Field observations of individuals of Cupressus sempervirens (CS) in an arid region showed that they died at the end of the dry season with xylem water potential (Ψx) of only -6.5 MPa, despite CS’s more resistant xylem (Ψ50 ~-10 MPa). Thus, we hypothesized that the observed CS mortality was driven by other (than xylem tension) agents, and that CS has the potential to survive severer droughts. Our goal was to characterize the water potential and hydraulic failure that lead to mortality in CS.
We performed a terminal drought experiment in a greenhouse with different CS genotypes: K type- based on propagation from a forestry organization seed source; and R type- based on clones from cuttings from a robust tree in a dry area (Yatir forest). Water content, water potential, photosynthesis, membrane leakage, water loss by weight, leaf conductivity, and leaf non-structural carbohydrates (NSC) were measured throughout the experiment.
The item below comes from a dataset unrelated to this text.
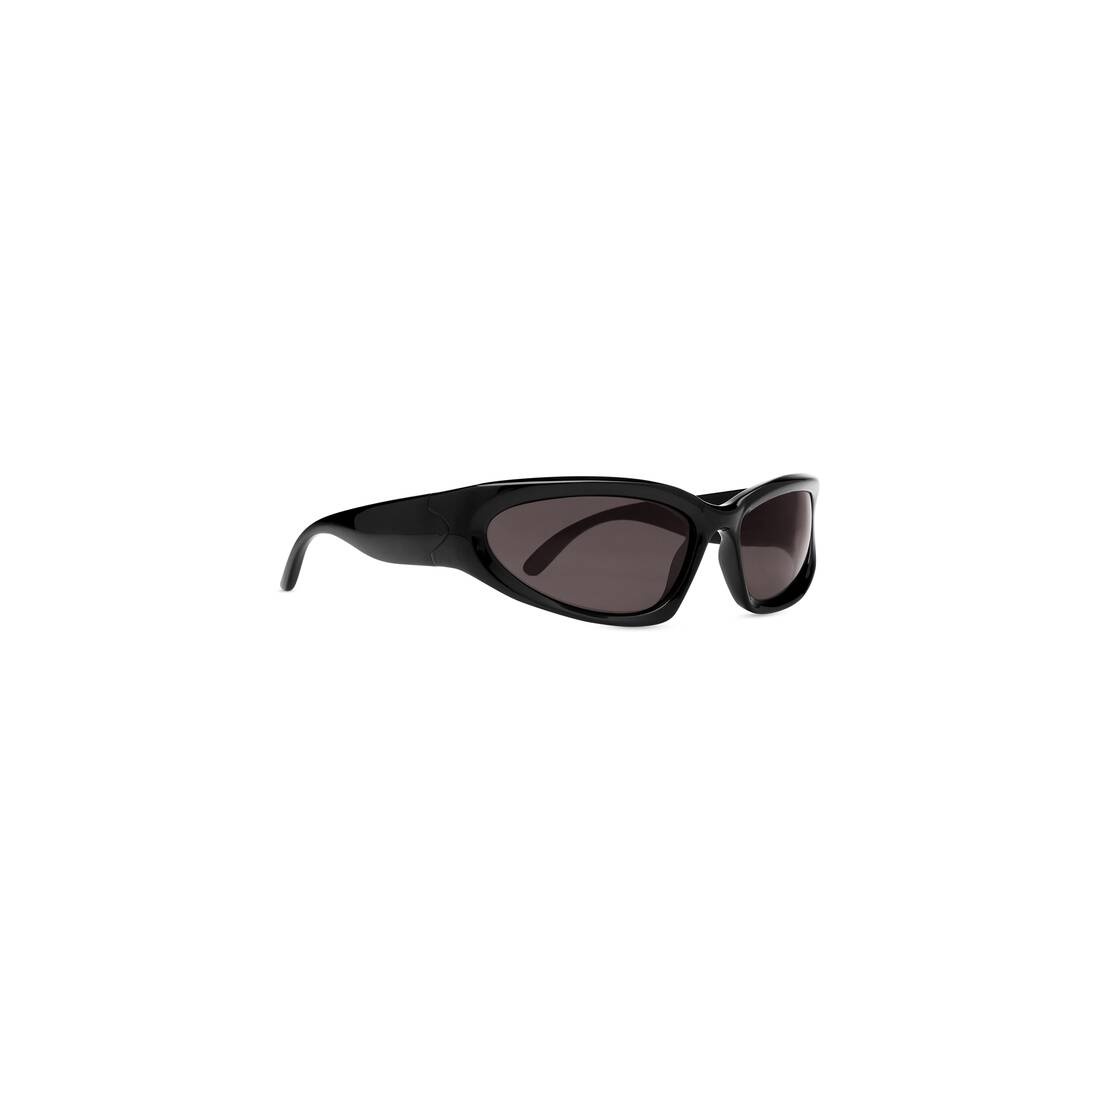 Swift Oval Sunglasses in Black - 2

K type water loss was lower, which was reflected in lower mortality rates on day 18. Mortality of 14/30 and 19/30 individuals was observed following 40 days in R type and K type, respectively. Mortality corresponded with 40% water content and Ψx ~-10 MPa. Following rewatering significant differences were observed in membrane leakage but not in NSC between recovered and dead seedlings.
This work demonstrates that CS’s Ψx can approach its Ψ50 under drought. We also found that a water-saving genotype delayed mortality.